PAIGE: Absolutely. So, tell me about what happened next. I think I know that you started getting involved with being a teen ambassador with the American Diabetes Association is that right?

QUINN: Yeah. I came home from that camp and it was sort of a coming out party for me. I wanted to go into classrooms and service clubs in my area and talk about living with type one and have people ask me sort of any question they had about what they thought about diabetes. That brought me to applying to be the national youth advocate for the American Diabetes Association. They choose one young person a year to represent the ADA, travel the country and advocate on behalf of them. I was chosen at the age of sixteen. That was a one-year term and I flew to the White House I flew to Capitol Hill. I went to other diabetes camps, to expos, talking about my life with type one. And that’s really what started me on this trajectory of speaking and writing about my very personal experience of what life had been like living with a disease.

PAIGE: So, you started doing all this advocacy work and just telling your story all the time. Meanwhile, from what I understand, meanwhile there are things underneath the surface of your own journey and process with figuring out how to navigate this really tricky situation.
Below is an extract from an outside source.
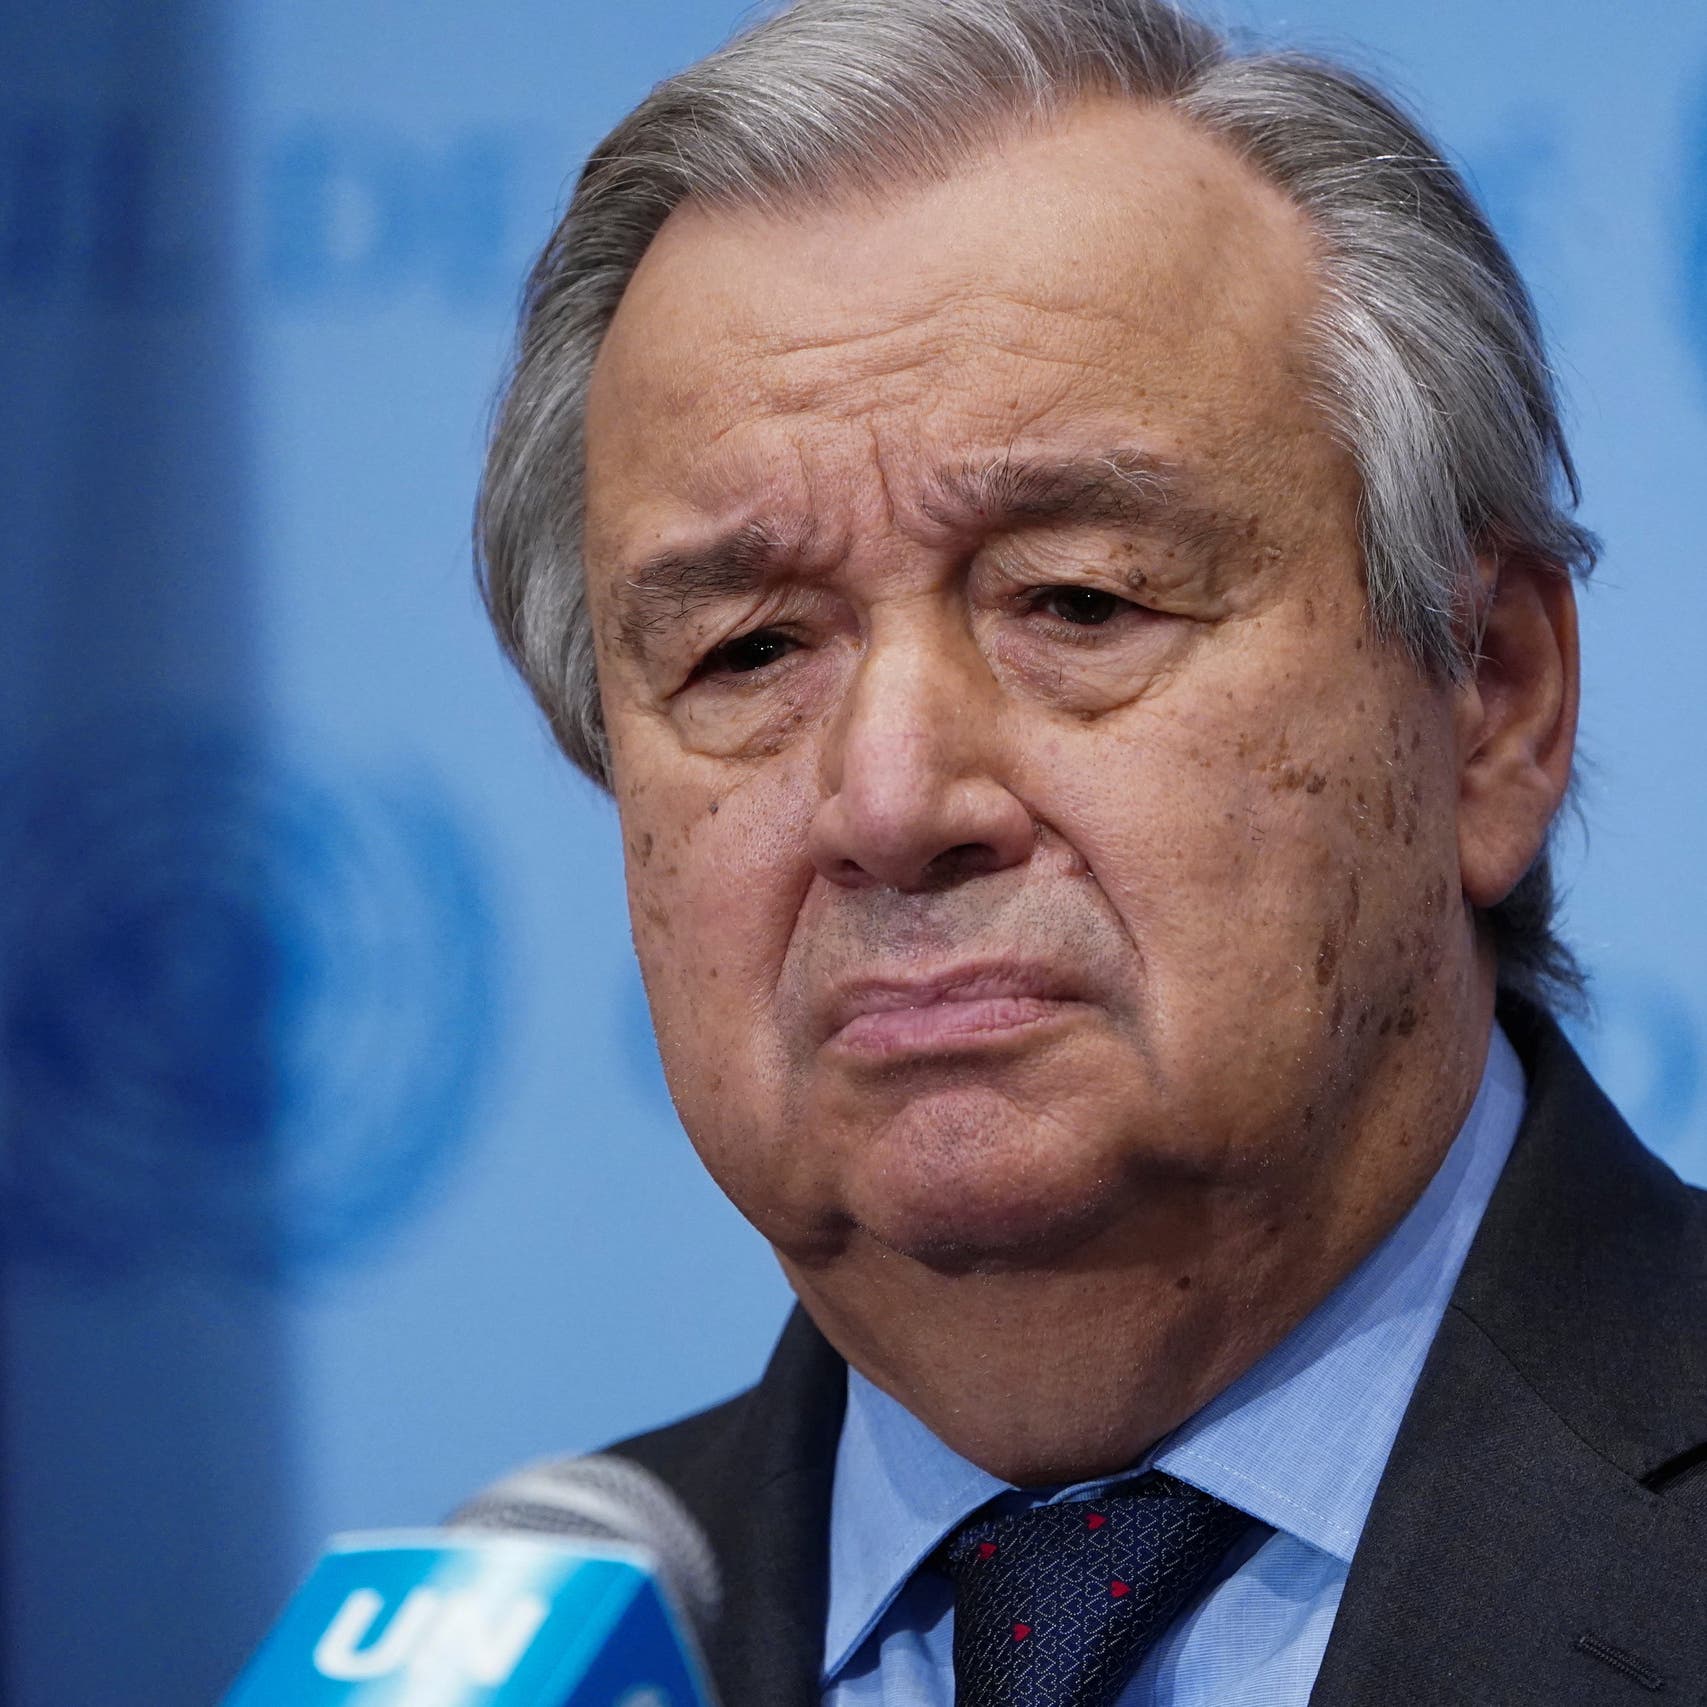 UN chief urges Putin to stop conflict for ‘humanity’s’ sake

So, talk a little bit about whatever you’re comfortable, in terms of your own struggle with an eating disorder at the same time struggling with a diabetes diagnosis.

QUINN: It was difficult, obviously. I had had issues with struggling with an eating disorder prior to that diagnosis of type one. Now I had type one, and again this was back in the 90s the early 00s, where the diabetes education back then was: you took an insulin injection sort of on these specific hours. You had to eat a certain amount of, I think they called it choices back then. So, I had five choices at breakfast which would equate to like 15 grams of carbs. So, at breakfast…

PAIGE: Was it exchanges?

QUINN: Yes! Yes. Choices or exchanges they would call it. Actually, my mother, it’s so funny. She still has the sheet of paper taped up on the kitchen cupboard for my little brother and I, of what our choices and exchanges were and what hour we had to eat them. Here you are. You are told you have to do this to stay alive and you’re struggling with being a teenager, with hormonal changes. With just being a teenage girl. But now, the other flip side of it was. Now, I'm speaking in service as a diabetes advocate. And in the diabetes community, I struggled because I felt like any speaker I would hear would paint this very sort of perfect picture of living with diabetes. Any celebrity who would speak about it they would say “oh, I can climb Mt. Everest because I was diagnosed with Type One” or “I’m this Olympic athlete and I can just handle my diabetes so great.” I would always sort of internalize this thought, Paige, like Type 1 diabetes is really tough! Then on that other side I was really struggling with my weight and with eating and with having to calculate everything every hour of the day and I never got to take a day off. It almost became this thing of having to feel like I was hiding what my thoughts were, or how I felt. Because I felt like I had to play this part to be accepted as a National Diabetes Advocate and Speaker. Which was very lonely.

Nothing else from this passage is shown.